Joy (Brie Larson) y su pequeño hijo Jack (Jacob Tremblay) viven en una habitación de diez metros cuadrados a la que llaman cariñosamente “Room” (“Habitación”). Sin contacto con el mundo exterior más allá de la televisión y las visitas que cada noche les hace su captor, “Old Nick”, (que es el padre biológico de Jack, aunque la palabra nunca se pronuncia), Joy se las ingenia para que su hijo crezca en un ambiente lo más saludable posible, con rutinas de estudio, ejercicios y juegos. Jack, que es también el narrador de la historia, es un niño feliz, ajeno al esfuerzo con el que Joy sostiene el mundo en ese cuarto agobiante, y que nosotros adivinamos en su aspecto ojeroso y demacrado.
La construcción de la cotidianeidad en medio del horror hace que Room no sea un thriller de golpes bajos sino un drama de aprendizaje para ambos y una observación sobre lo que significa construir espacios de pertenencia. Cuando hacia el final Joy y Jack miran fotos en la antigua casa de ella, es claro y escalofriante el paralelo entre la “Habitación” y ese refugio voluntario que es el cuarto de cualquier adolescente. Room no es una película sobre un secuestro, aunque el cautiverio ocupe la mitad de la historia. El captor no tiene entidad propia más allá de un sobrenombre y algunas interacciones con Joy, que impactan por su carácter doméstico, como cuando anuncia que perdió su trabajo y va a dejar de comprarle vitaminas al chico.

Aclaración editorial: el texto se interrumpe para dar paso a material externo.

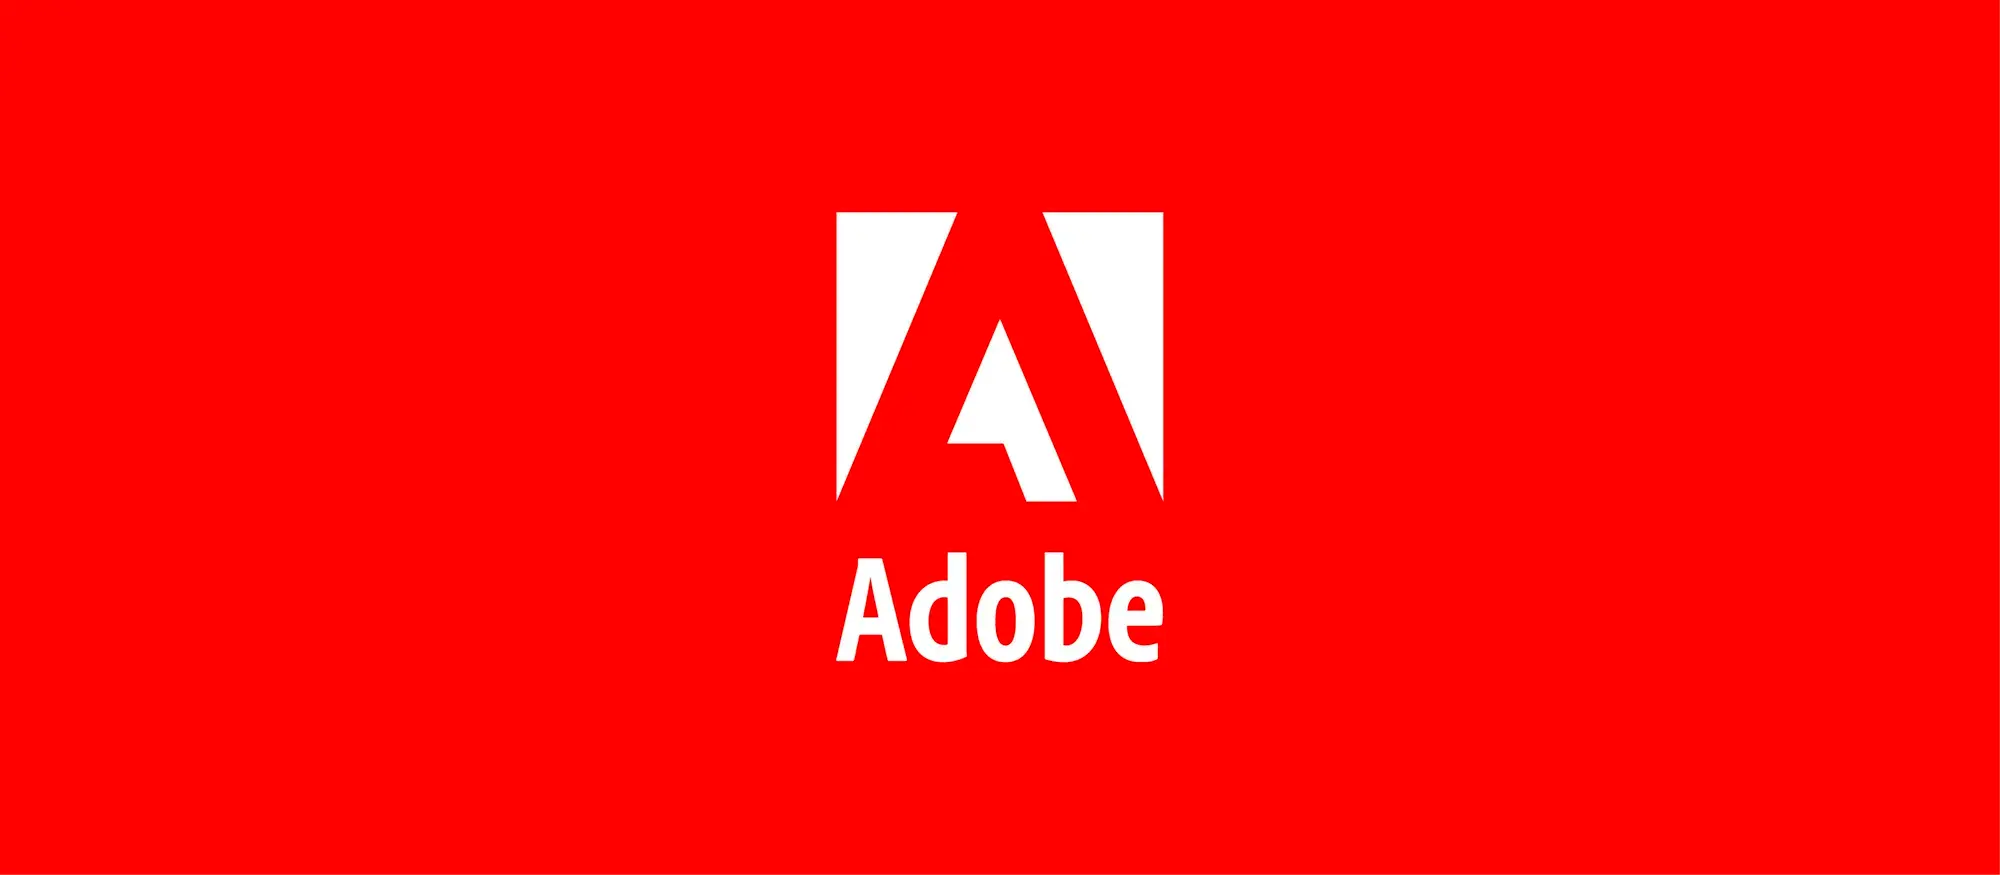 Adobe wykorzystuje sztuczną inteligencję do oddzielania ścieżek audio

El trabajo de Brie Larson y de Jacob Tremblay para encarnar a estos personajes es monumental porque supone un enorme ejercicio de imaginación. ¿De dónde sacan dos actores tan jóvenes el material para componer vidas en situaciones tan excepcionales? Un ejemplo: cuando, ya fuera de la habitación, el pequeño Jack baja la escalera de la casa de sus abuelos o se acerca maravillado a un perro, creemos estar frente a un niño que experimenta el mundo por primera vez.
En su tratamiento de la infancia como burbuja protegida, Room se parece menos a La vida es bella que a Nunca me abandones, aunque es menos amarga que esta última a pesar de compartir su tesis central: el descubrimiento de que la infancia es siempre una ficción que otros —los adultos— construyen a nuestro alrededor es lo único que puede garantizar una vida sin traumas. Algo con lo que el niño de la película italiana habrá tenido que lidiar ciertamente, y que convierte a Jack, el protagonista de Room, en un personaje inolvidable.
Room (Irlanda/Canadá, 2015), guión de Emma Donoghue a partir de su novela Room, dirección de Lenny Abrahamson, 118 minutos.